Exercise »
Below is a listing. Return the lines from the one that contains "Quorum International 5060-4" to the one that contains "Constitutional conservative", both ends included, verbatim and with no pictures.

Records to use »
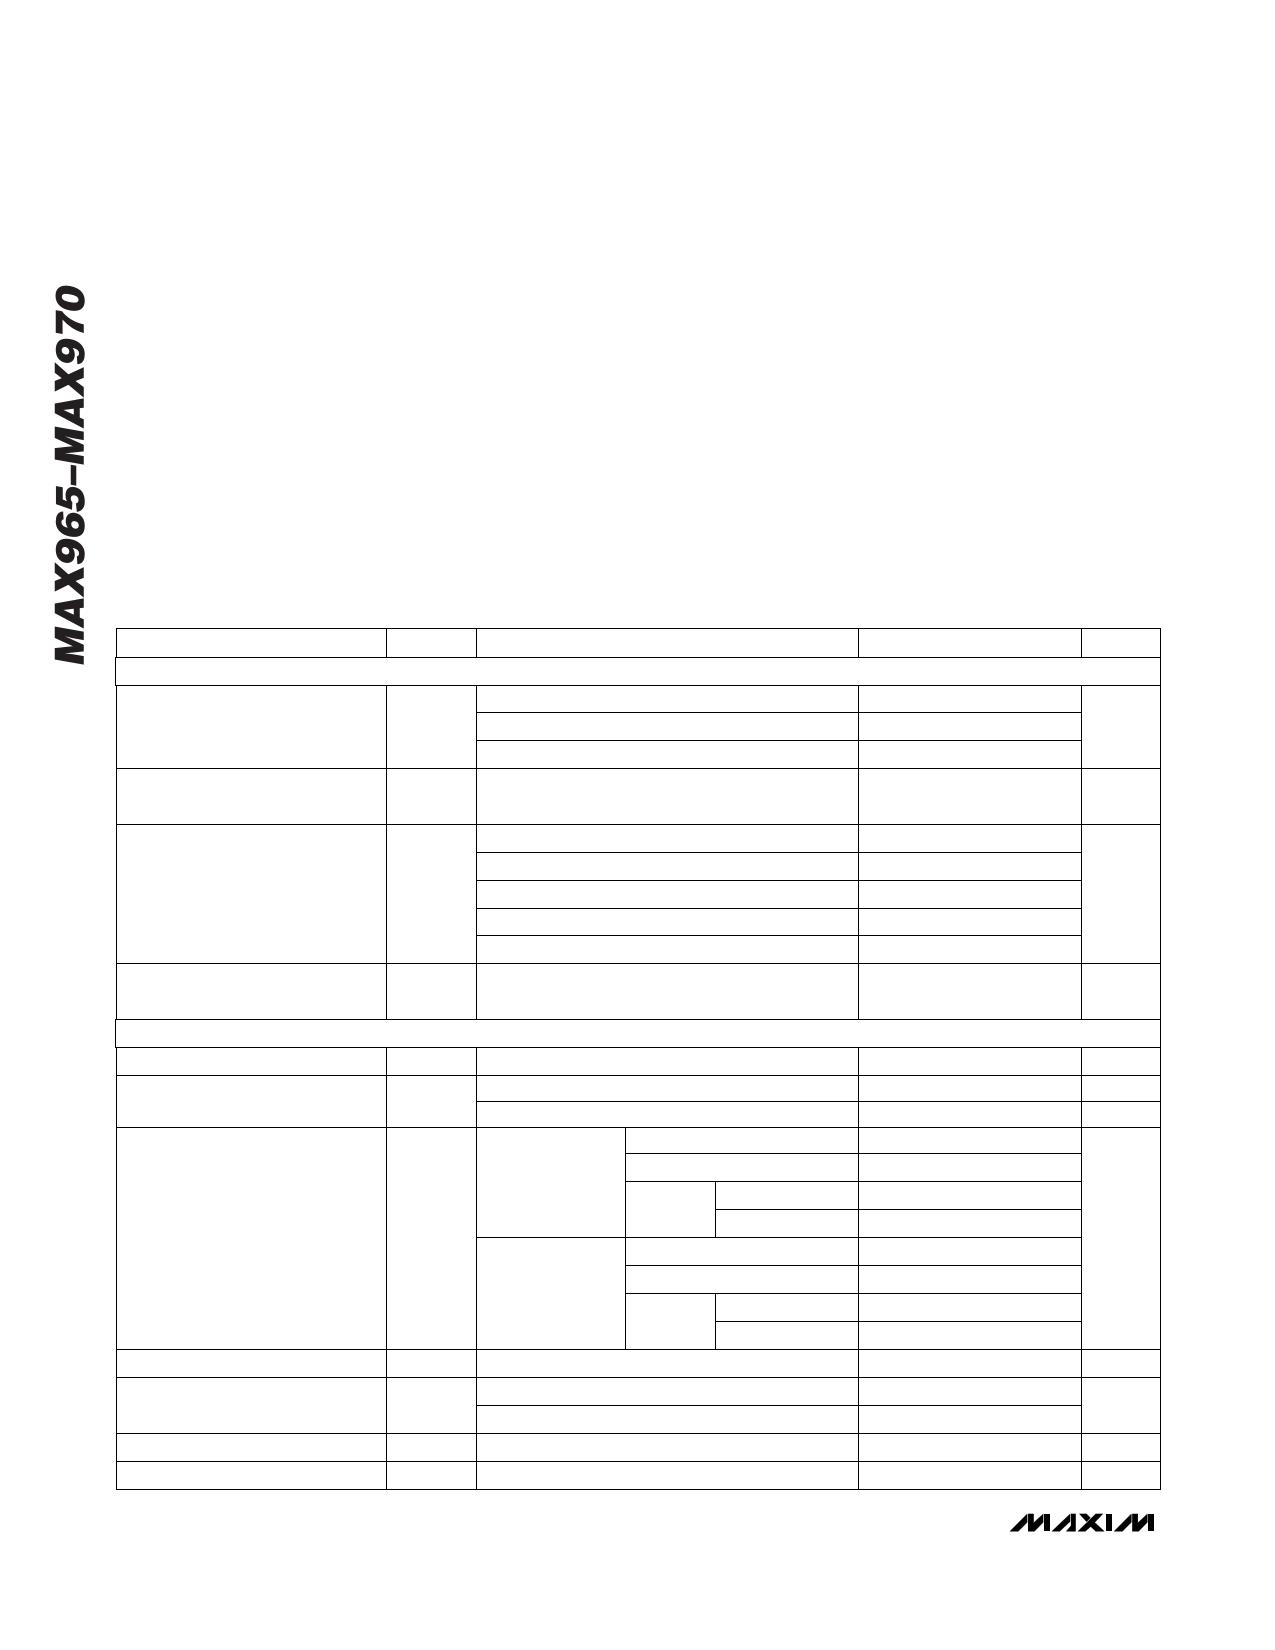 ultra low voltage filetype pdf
==
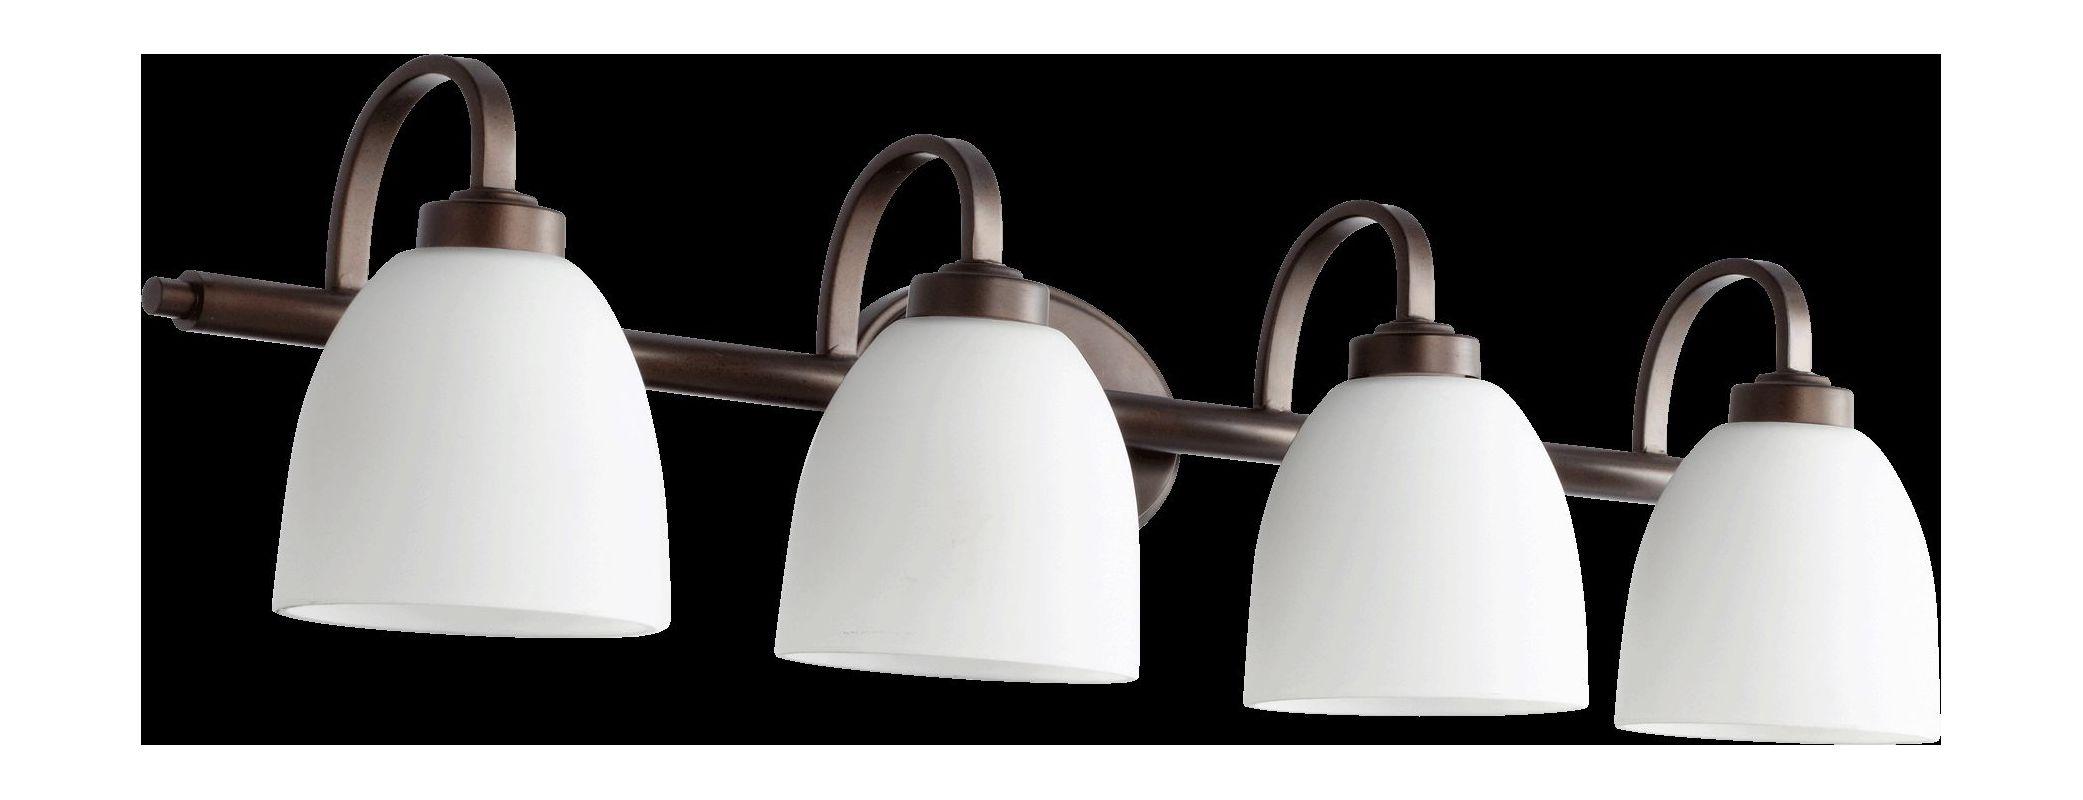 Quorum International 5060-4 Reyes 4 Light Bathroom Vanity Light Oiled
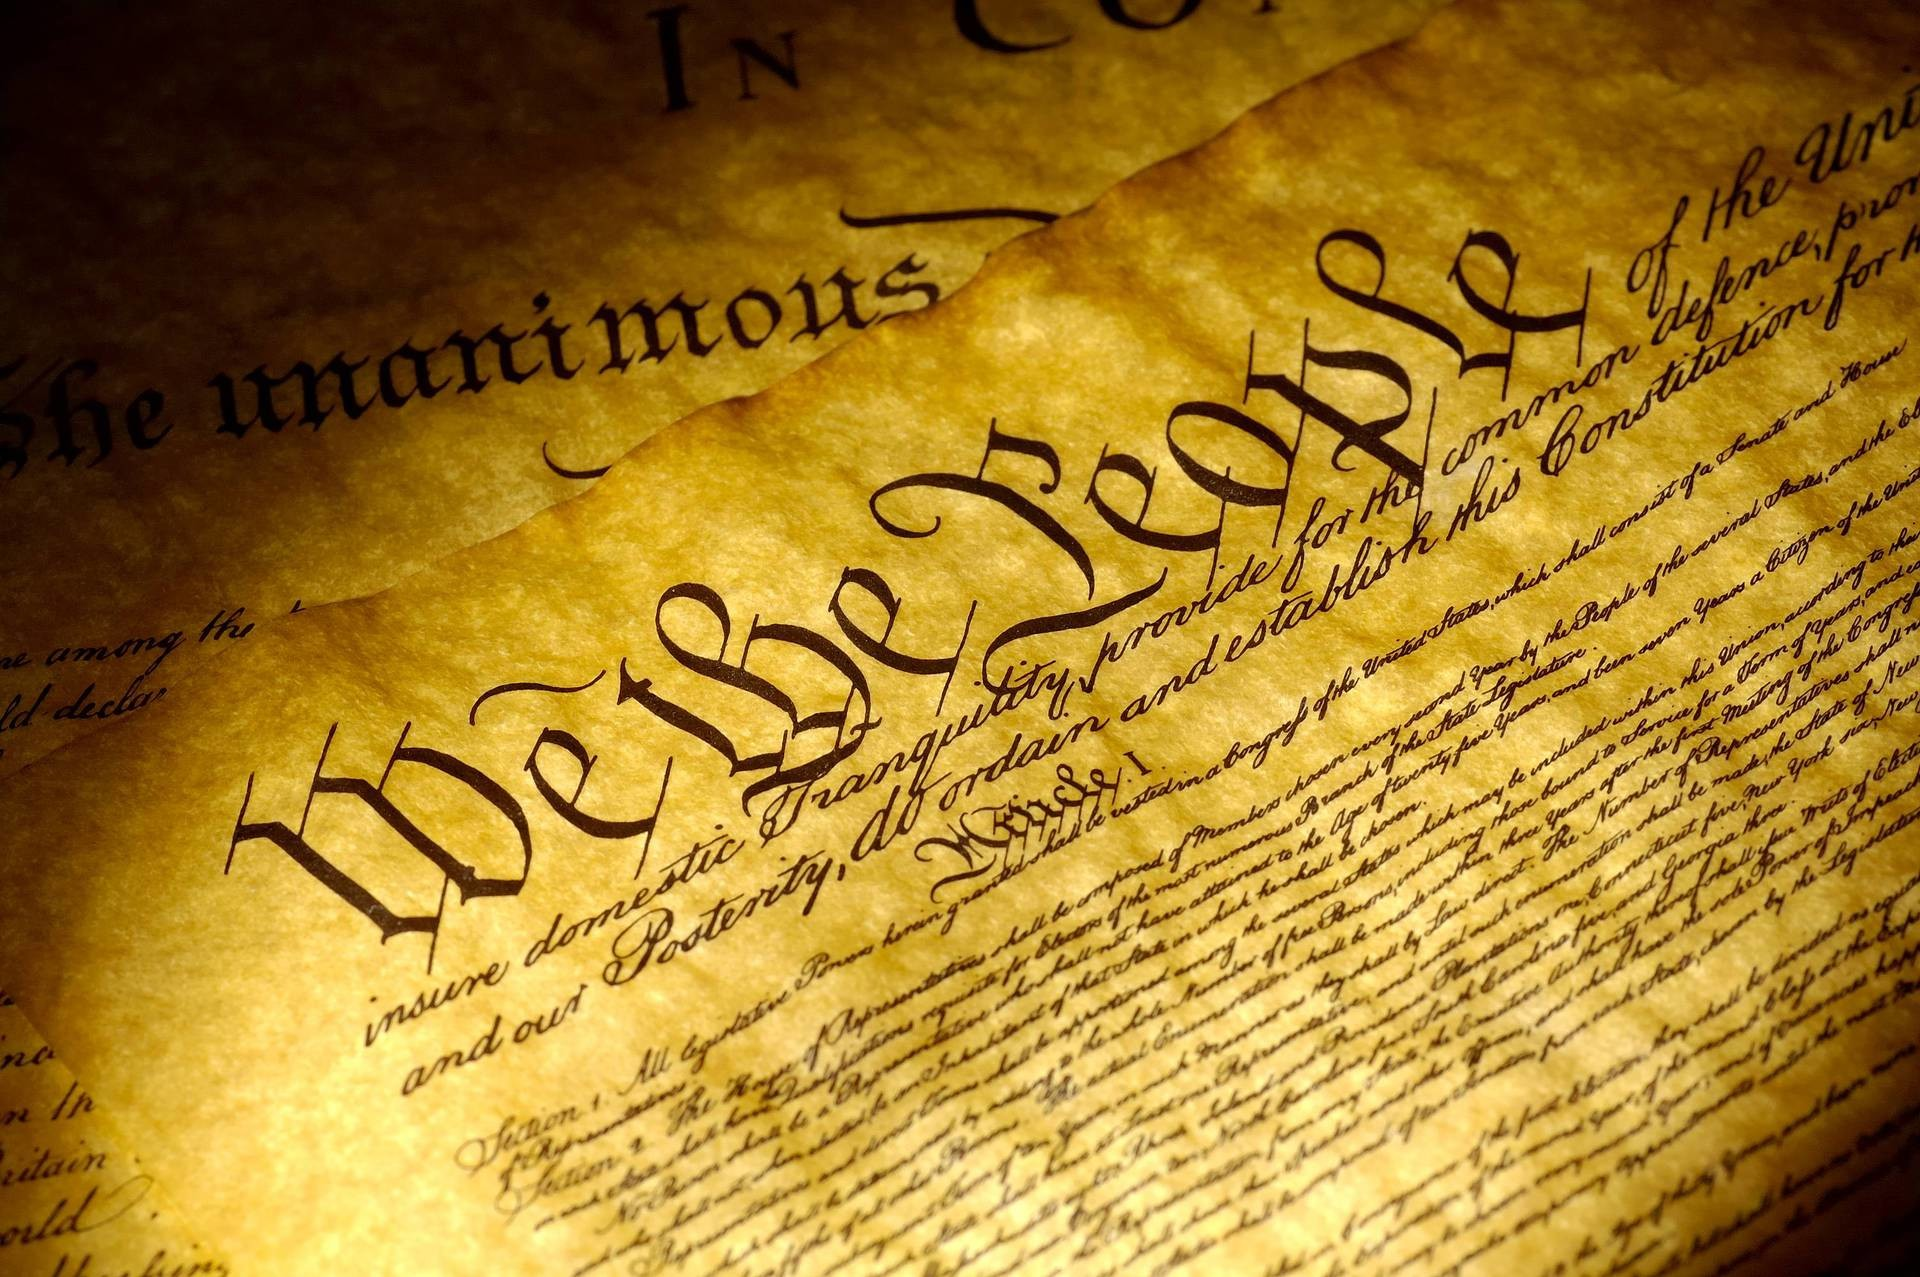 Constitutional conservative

Output of the exercise »
 Quorum International 5060-4 Reyes 4 Light Bathroom Vanity Light Oiled
 Constitutional conservative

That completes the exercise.